**Exercise details**
Transcribe all data verbatim. Skip the pictures.

**Dataset section**
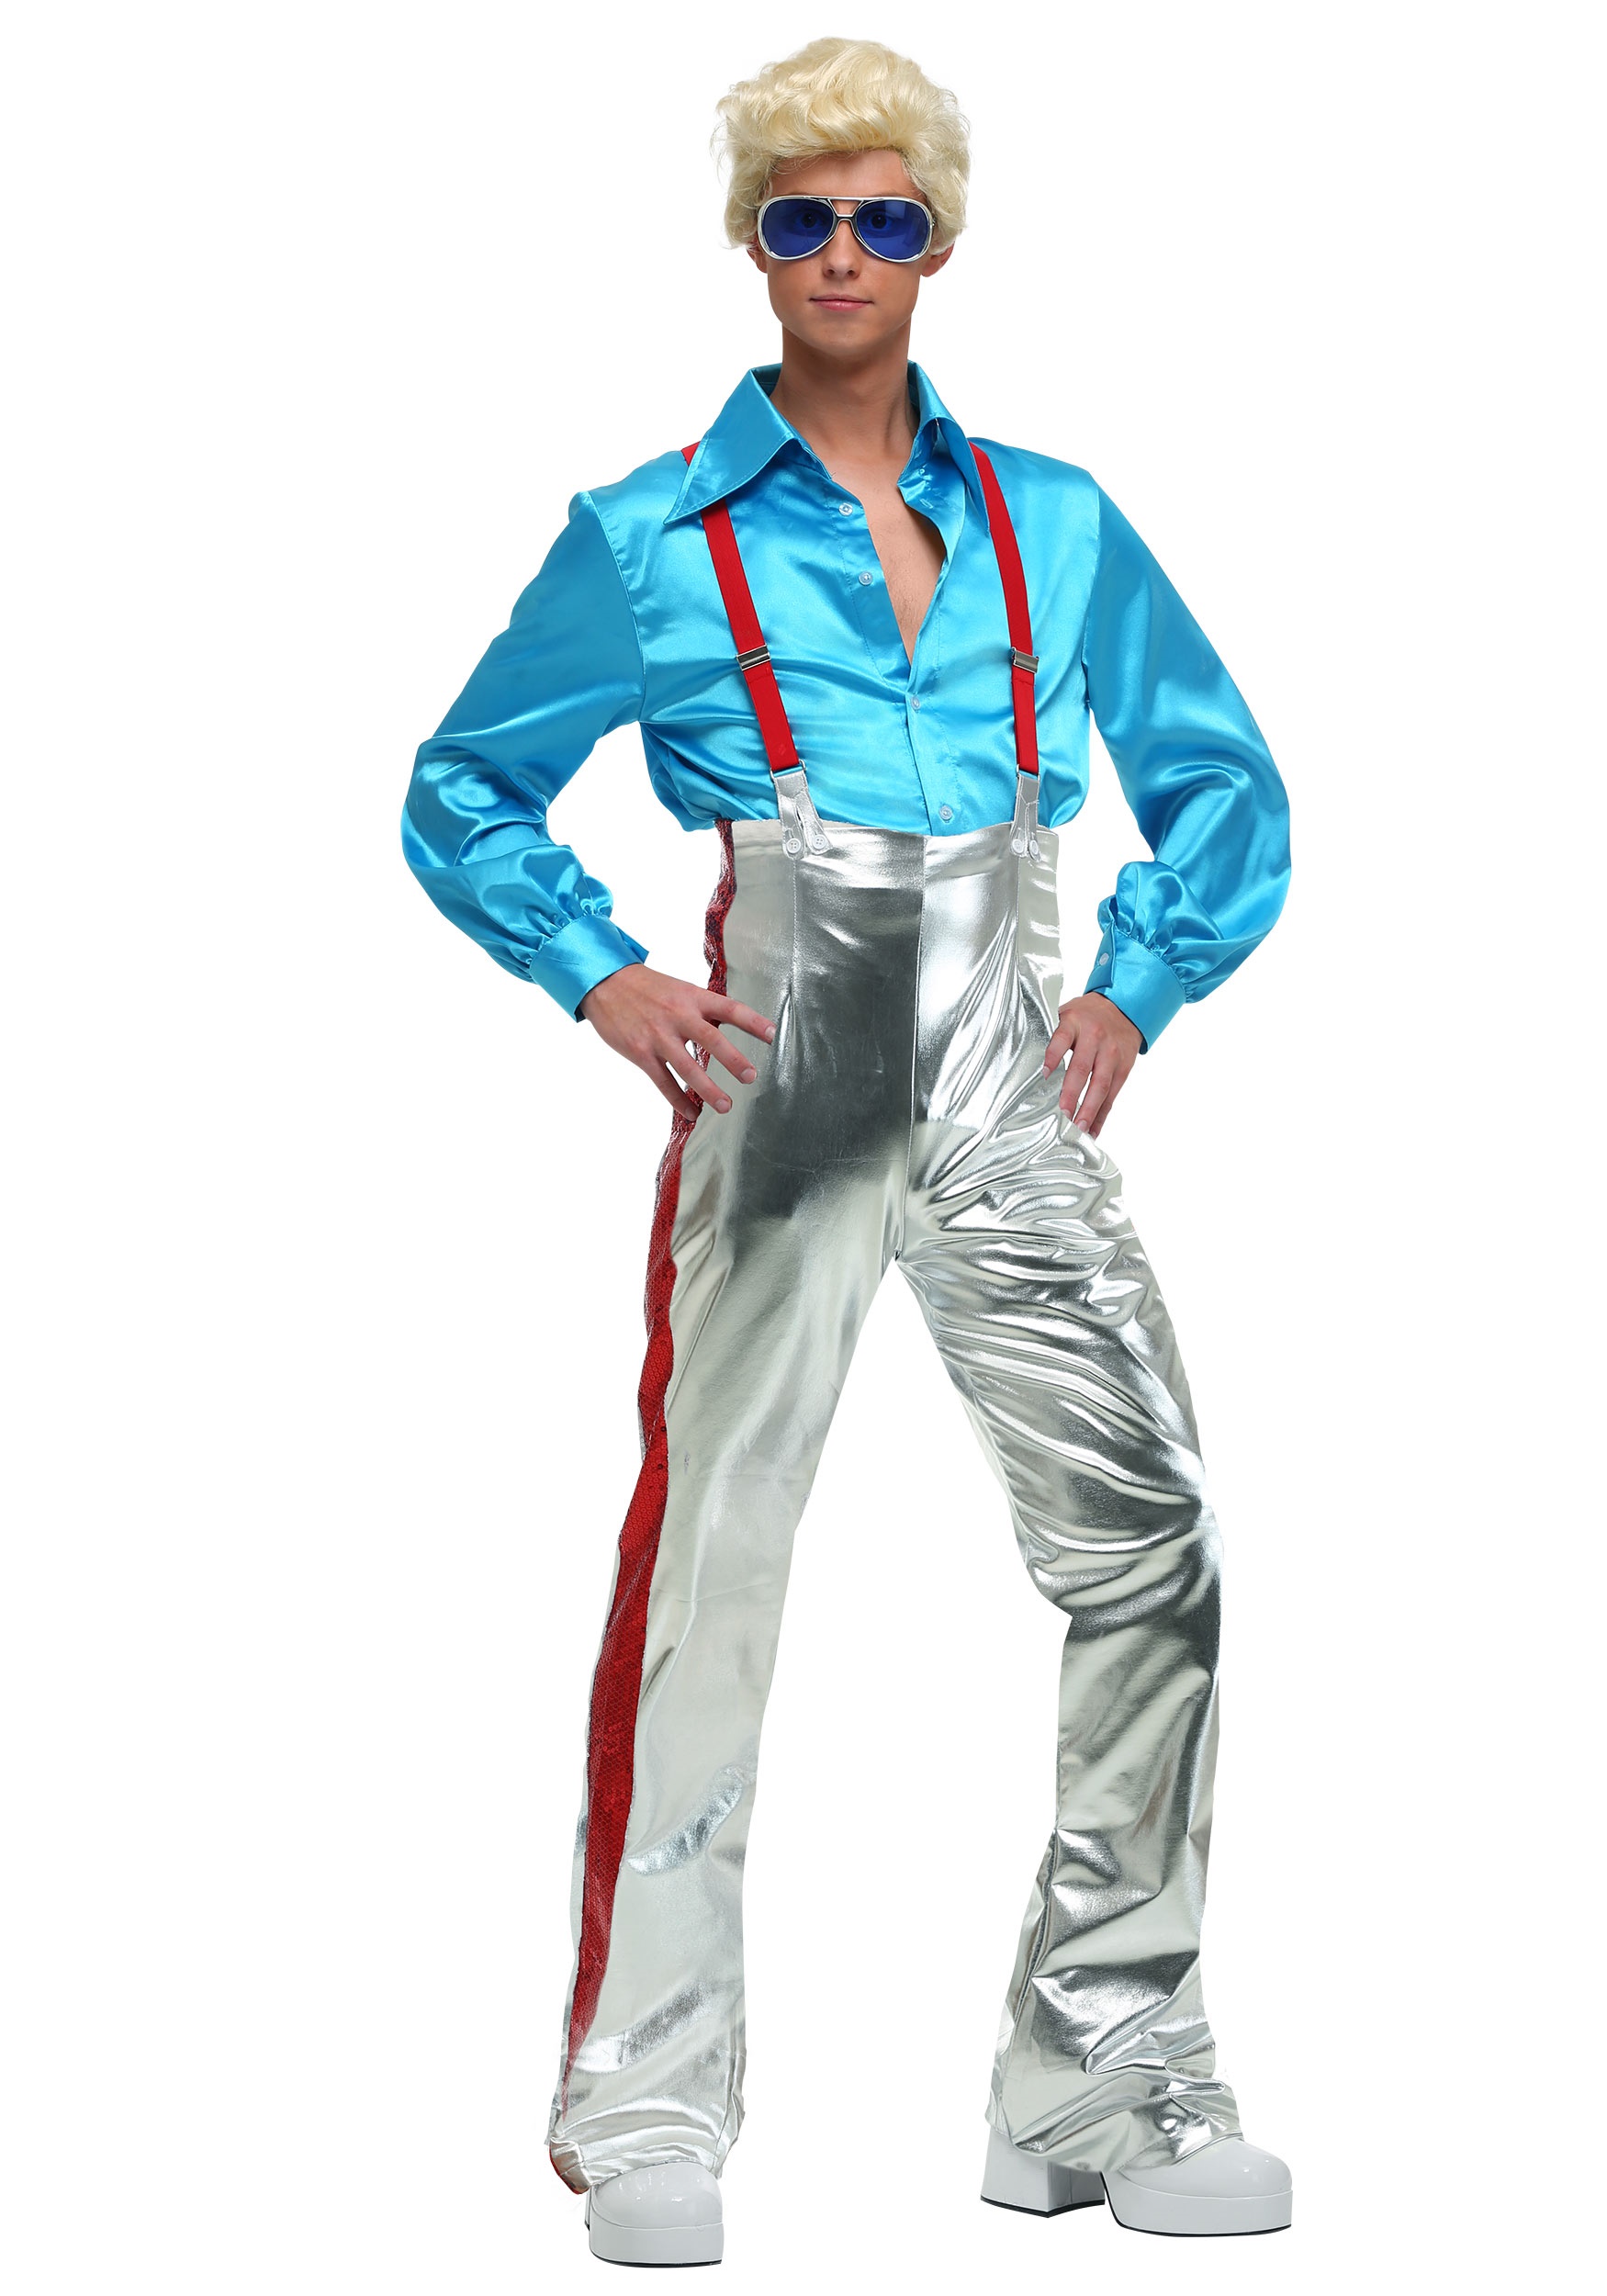 Photos - Fancy Dress FUN Costumes Funky Disco Plus Size Men's Costume Blue/Gray/Red FUN
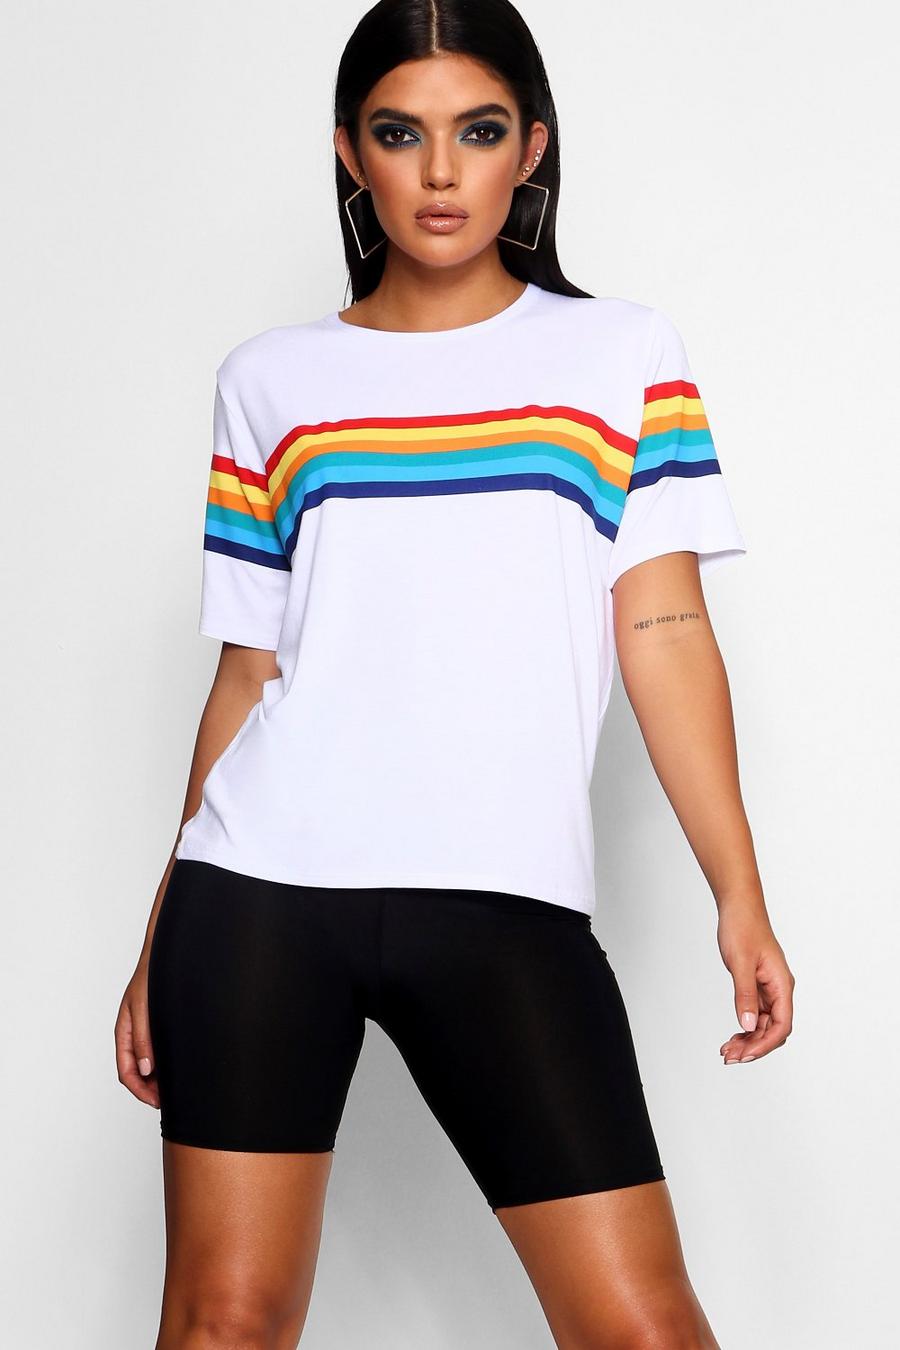 Camiseta extragrande de arcoíris en pecho y manga image number 1
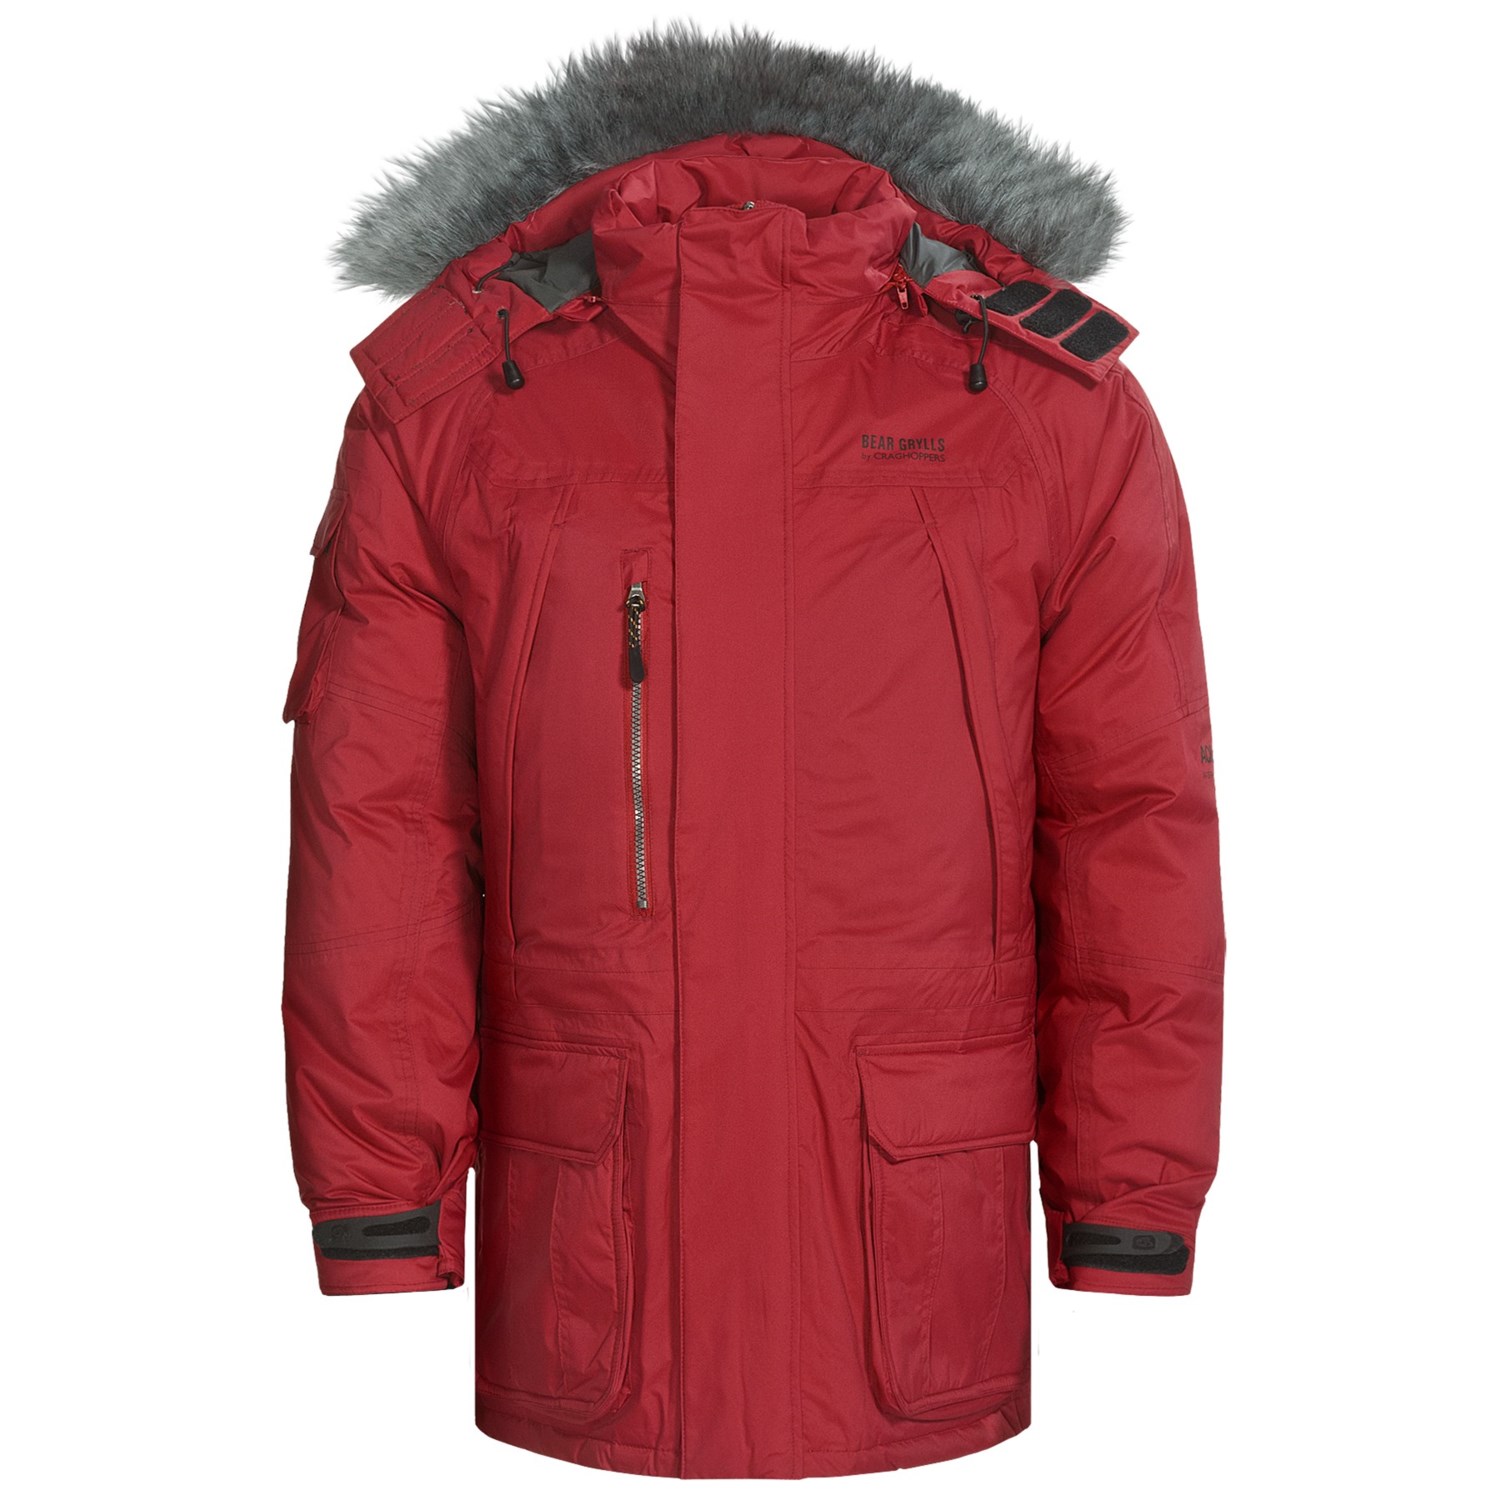 Craghoppers Bear Grylls Polar Down Jacket (For Men) 4667M - Save 35%

**Solution for this exercise**
 Photos - Fancy Dress FUN Costumes Funky Disco Plus Size Men's Costume Blue/Gray/Red FUN
 Camiseta extragrande de arcoíris en pecho y manga image number 1
 Craghoppers Bear Grylls Polar Down Jacket (For Men) 4667M - Save 35%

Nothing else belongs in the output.